Divisão no bolsonarismo escancara crise estratégica após protesto com bandeira de Trump na Câmara
Na manhã desta terça-feira (22), um protesto liderado por deputados da oposição na Câmara dos Deputados acabou revelando uma fissura interna entre as diferentes correntes do bolsonarismo. A cena que gerou desconforto aconteceu durante uma coletiva de imprensa convocada em resposta à decisão do presidente da Casa, Hugo Motta (Republicanos-PB), de vetar sessões de comissões que prestariam homenagem ao ex-presidente Jair Bolsonaro (PL). No centro da polêmica, a exibição de uma bandeira de campanha do presidente americano Donald Trump por parlamentares da ala mais radical da direita brasileira.
Os deputados Delegado Caveira (PL-PA) e Sargento Fahur (PSD-PR) foram os responsáveis por erguer a bandeira de Trump diante das câmeras, como uma forma de protesto simbólico contra o que classificaram como censura política. No entanto, o gesto não foi bem recebido nem mesmo dentro do grupo oposicionista. O deputado Zucco (PL-RS), que ocupa a liderança da oposição, repreendeu publicamente os colegas. “Estou te pedindo por favor para não fazer isso. Pode prejudicar”, disse, visivelmente constrangido, enquanto tentava conter os ânimos e preservar a narrativa política do grupo.
O desconforto se explica: a associação direta com Trump, neste momento, é vista como problemática por uma parte dos aliados de Bolsonaro. A recente imposição de tarifas de 50% sobre produtos brasileiros pelos Estados Unidos acendeu o alerta em Brasília, especialmente após a Polícia Federal apontar que reuniões mantidas por Jair e Eduardo Bolsonaro com autoridades americanas teriam contribuído diretamente para a aplicação do “tarifaço”. Embora o ex-presidente tente se dissociar das consequências dessas tratativas — “Não tem nada a ver com a gente. Querem colar na gente os 50%. Mentira”, disse ele —, o deputado Eduardo Bolsonaro (PL-SP) reconheceu, na segunda-feira (21), que o tema foi sim abordado em seus encontros diplomáticos nos EUA.

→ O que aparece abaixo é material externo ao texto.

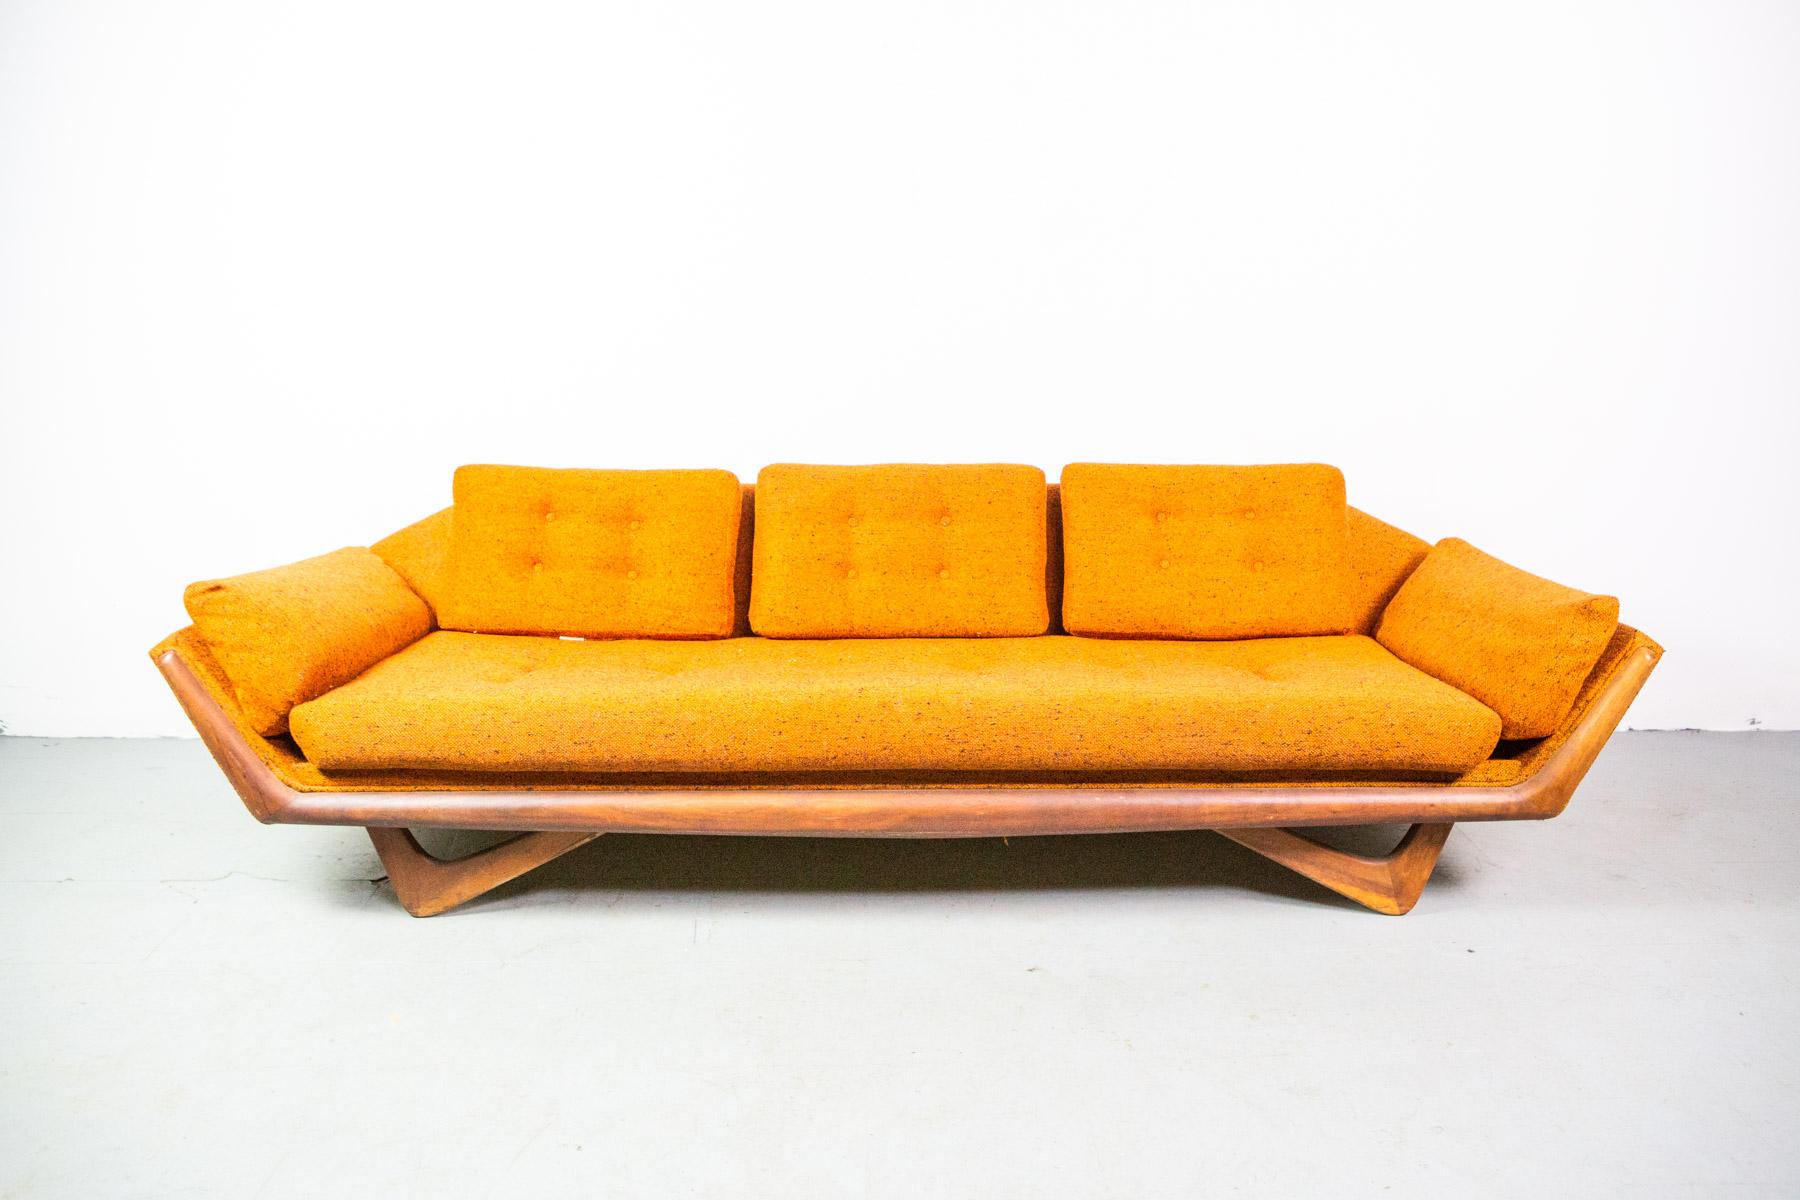 This beautiful vintage modern sofa features the innovative design of midcentury great Adrian Pearsall. Sculpted wood legs and frame paired with vintage fabric and cutaway seat back all add to the appeal of this uniquely shaped 
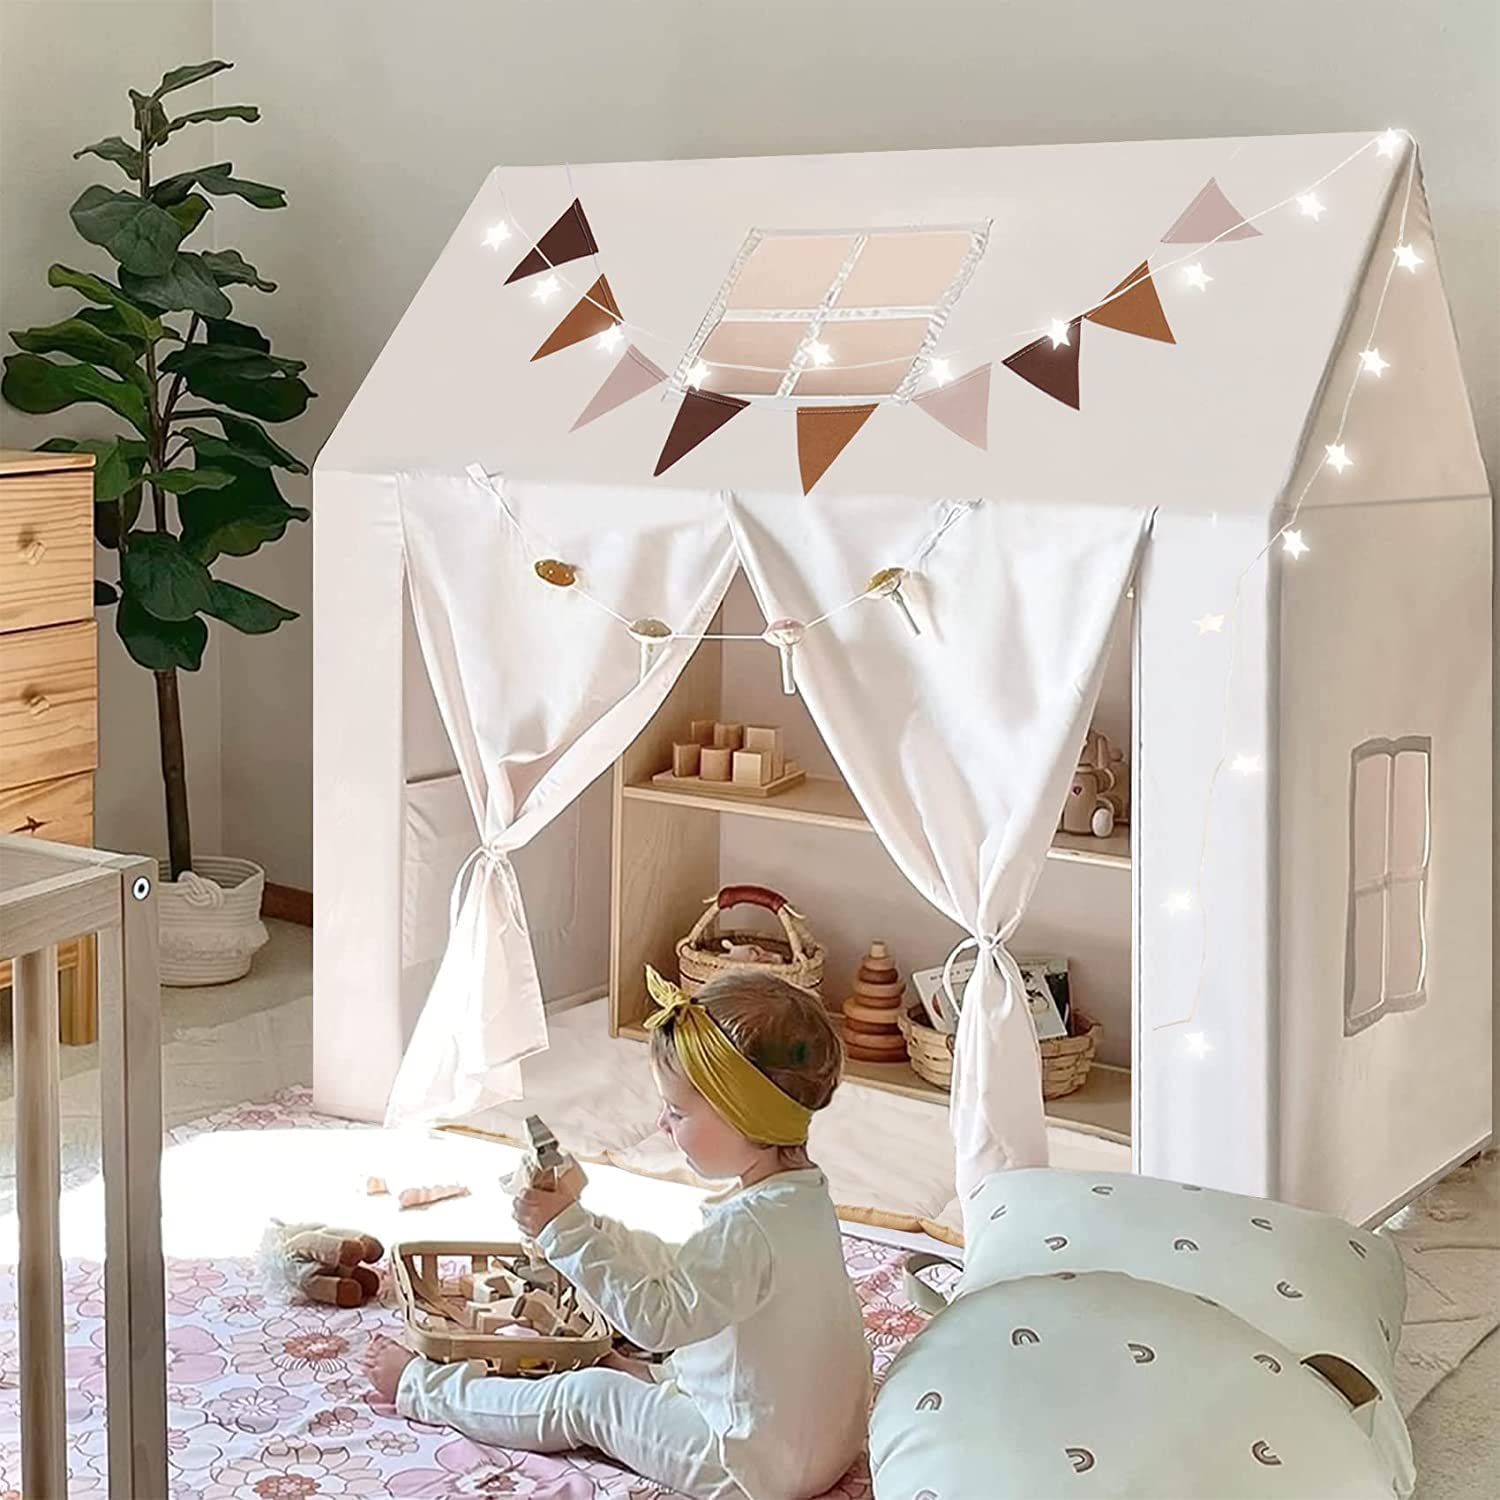 kid play forts

A leitura feita nos bastidores é de que o bolsonarismo tenta evitar, a todo custo, ser responsabilizado pelas perdas econômicas geradas pelas sanções comerciais americanas. Exibir a bandeira de Trump em um momento como este, portanto, vai na contramão da estratégia de defesa do grupo, que busca manter sua base mobilizada enquanto minimiza os danos à imagem pública. Internamente, o ato foi considerado um “tiro no pé”, segundo relato de um assessor parlamentar próximo ao núcleo do PL.
Além da bandeira, o protesto incluiu também a colocação de uma placa com o nome de Bolsonaro sobre a mesa principal do plenário. Mais uma vez, o gesto gerou desconforto. O deputado General Pazuello (PL-RJ), presente no ato, alertou os colegas de que aquele tipo de manifestação poderia “dar problema” e acabar sendo interpretado como quebra de decoro. A advertência serviu como freio para novas ações mais teatrais que vinham sendo cogitadas entre os parlamentares da oposição.
Já o líder do PL na Câmara, deputado Sóstenes Cavalcante (RJ), reagiu à decisão de Hugo Motta com tom de indignação. Classificou como “ilegal” o impedimento das comissões e acusou o presidente da Casa de censura política. Apesar da retórica inflamada, a liderança do partido tem tentado conter os impulsos mais radicais do grupo, temendo que gestos como o da bandeira de Trump fragilizem a narrativa construída em torno da perseguição política ao ex-presidente.
O episódio também expôs uma disputa por protagonismo entre os diferentes polos da direita bolsonarista. De um lado, os parlamentares mais performáticos, como Caveira e Fahur, apostam na radicalização simbólica como forma de manter visibilidade. De outro, líderes como Zucco e Sóstenes tentam manter uma linha de ação mais institucional, especialmente diante do cerco jurídico que se fecha em torno de Jair Bolsonaro e seus aliados.
A decisão de Hugo Motta de cancelar as sessões foi vista pela oposição como um recado duro do centro político ao bolsonarismo. Ao mesmo tempo, a resposta descoordenada da oposição revelou um cenário interno de disputas, improvisos e contradições, num momento em que a coesão do grupo é essencial para resistir à pressão institucional e à investigação da Polícia Federal, que promete novas revelações sobre os bastidores da relação entre a família Bolsonaro e o governo de Donald Trump.